One implication of the relaxation-based search view is that we should usually tackle problems hardest-part first. Advice to do the opposite is reasonably common, so it’s worth addressing *why *hardest-first is a good idea, and when/​how easiest-first might be better. The main argument is that, if we just solve an easy part of a problem, then we’ll likely have to throw out our solution and start over mostly-from-scratch when we get to the hard part. If I have a $1000 vacation budget, and flights cost $800, then planning my hotels without accounting for the flight budget will be basically useless. I’ll have to redo it all later. As a general rule, it’s the hard parts which most restrict the solution-space, so it’s the hard parts which most steer the overall form of solutions. So why might one instead tackle an easy part first? Well, tackling an easy part of a problem might provide some value other than a usable almost-solution for the main problem. It might help build confidence, or acquire generally-useful resources. In particular, tackling an easy part of a problem can unearth information about the problem itself. If I’m entering a domain where I have little experience, where there’s lots of unknown unknowns, tackling an easy problem pushes me to interact with the system and "get my feet wet". It gives my brain its first few data points about the problem. I may find out that I was completely wrong about which parts are hard vs easy! Main takeaway: if we have a reasonable idea of what’s easy vs hard, then hardest-first makes sense; if we solve an easy part first, we’ll likely just have to throw away that effort later. But if we have no idea what’s hard vs easy, then the main priority is to figure that out, and tackling an easy-looking problem is one way to get our first few data points.
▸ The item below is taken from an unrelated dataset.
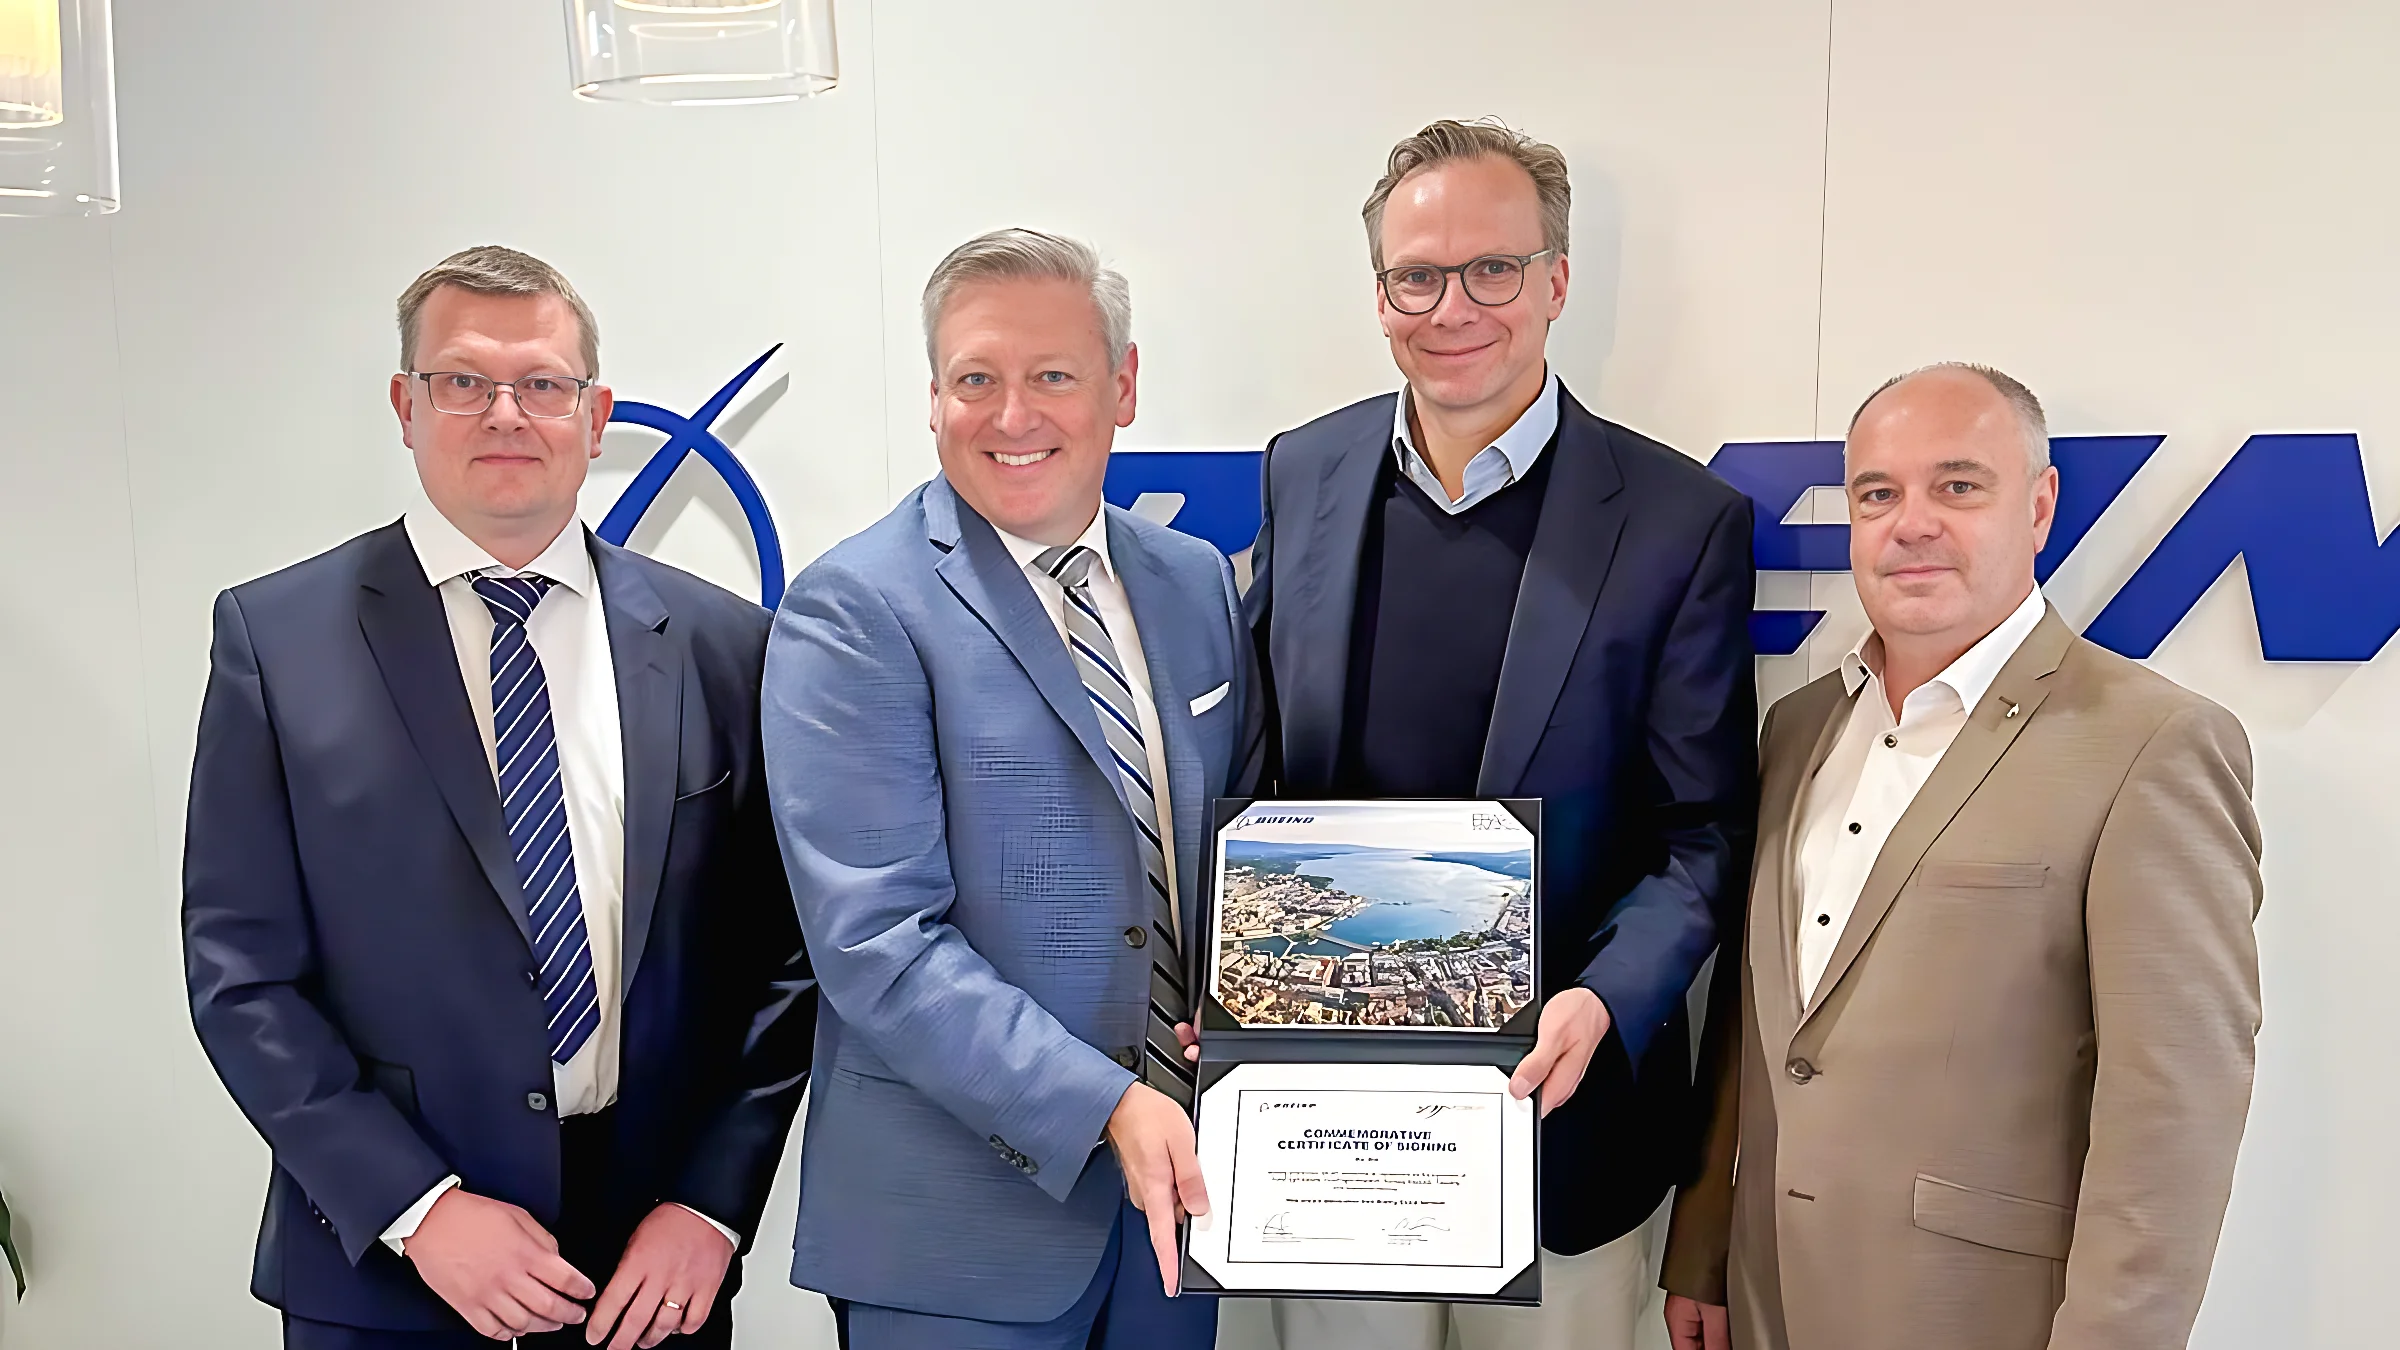 From left to right, Kim Lantz (Head of Flight Planning Solutions at ForeFlight), Kevin Sutterfield (Chief Revenue Officer of ForeFlight), Andreas Bierwirth (CEO of AvconJet), and Christian Hrauda (Accountable Manager of AvconJet) stand together holding a commemorative certificate of joining. The certificate, featuring the Boeing logo and a scenic aerial photograph, signifies a significant partnership. The backdrop displays the ForeFlight logo.

Duality: Mapping Tautness and Slackness in Unfamiliar Territory

More generally, how can we efficiently figure out which constraints are taut vs slack in a new domain? How do we map out the problem/​solution space? Here’s a concrete example: suppose we want to put something into orbit without using a big rocket. We don’t know anything at all about putting things into orbit, so to start out, we babble some dumb starting ideas to see where they fail:

Comment

https://www.lesswrong.com/posts/tXjJDXCp4pZzzeg8Y/relaxation-based-search-from-everyday-life-to-unfamiliar?commentId=MdDbqcYjH5zYRchrM

This seems surprisingly related to a thought I’ve had about the inefficiency of markets in consumer goods. When buying things, people usually only have room to optimize on a small number of taut constraints. One of them is going to be price; you get one, maybe two more if you’re lucky. If some product or service has more axes of variation than "what does it cost" and "does it work at all", they will typically get almost negligible optimization pressure applied to them.
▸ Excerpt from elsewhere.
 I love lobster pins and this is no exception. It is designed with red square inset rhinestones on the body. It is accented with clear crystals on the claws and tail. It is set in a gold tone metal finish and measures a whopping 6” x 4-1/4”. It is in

For example, the problem of buying an airplane ticket already has a bunch of taut constraints—the right place, the right time, the right price. The wifi on planes is generally garbage; whether or not there is wifi has risen up to the point where it gets a bit of optimization pressure, but how well the wifi works is way below the required bar. There is no incentive to improve it. Similarly the food on planes.

(To be honest, this applies to employment relationships, too, which might explain some things about how people generally find jobs to suck.)

https://www.lesswrong.com/posts/tXjJDXCp4pZzzeg8Y/relaxation-based-search-from-everyday-life-to-unfamiliar?commentId=F7tHyWvDJhbbRWRLC

This concept is often discussed in the subfield of AI called planning. There are a few notes you hit on that were of particular interest to me /​ relevance to the field:

The key is that we can usually express the problem-space using constraints which each depend on only a few dimensions. In Reinforcement Learning and Planning, domains which obey this property are often modeled as Factored Markov Decision Processes (MDPs), where there are known dependency relationships between different portions of the state space that can be represented compactly using a Dynamic Bayes Net (DBN). The dynamics of Factored MDPs are easier to learn from an RL perspective, and knowing that an MDP’s state space is factored has other desirable properties from a planning perspective. I expect getting to the airport to be easy. There are many ways to get there (train, Uber/​Lyft, drive & park) all of which I’ve used before and any of which would be fine....I want to arrive at the airport an hour before the plane takes off, that constraint only involves two dimensions: my arrival time at the airport, and the takeoff time of the flight. It does not directly depend on what time I wake up, whether I pack a toothbrush, my parents’ plans, cost of the plane tickets, etc, etc. You are actually touching on what seems to be three kinds of independence relationships. The first is temporal, and has something to do with options having identical goal states. The second is regarding the underlying independence relationships of the MDP. The third isn’t technically an independence relationship, and is instead in regards to the utility of abstraction. In detail:

  • It doesn’t matter which option you take (train, Uber/​Lyft, drive & park) because they all have the same termination state (at the airport). This shows that we plan primarily using subgoals.

  • Certain factors of the state space (your parents’ plans, whether you pack a toothbrush, cost of the place tickets) are actually independent of each other, i.e. your parents’ plans have no real physical consequences in your plan at any time, e.g. you can walk and chew gum at the same time. This shows that we plan with a factored understanding of the state-action space.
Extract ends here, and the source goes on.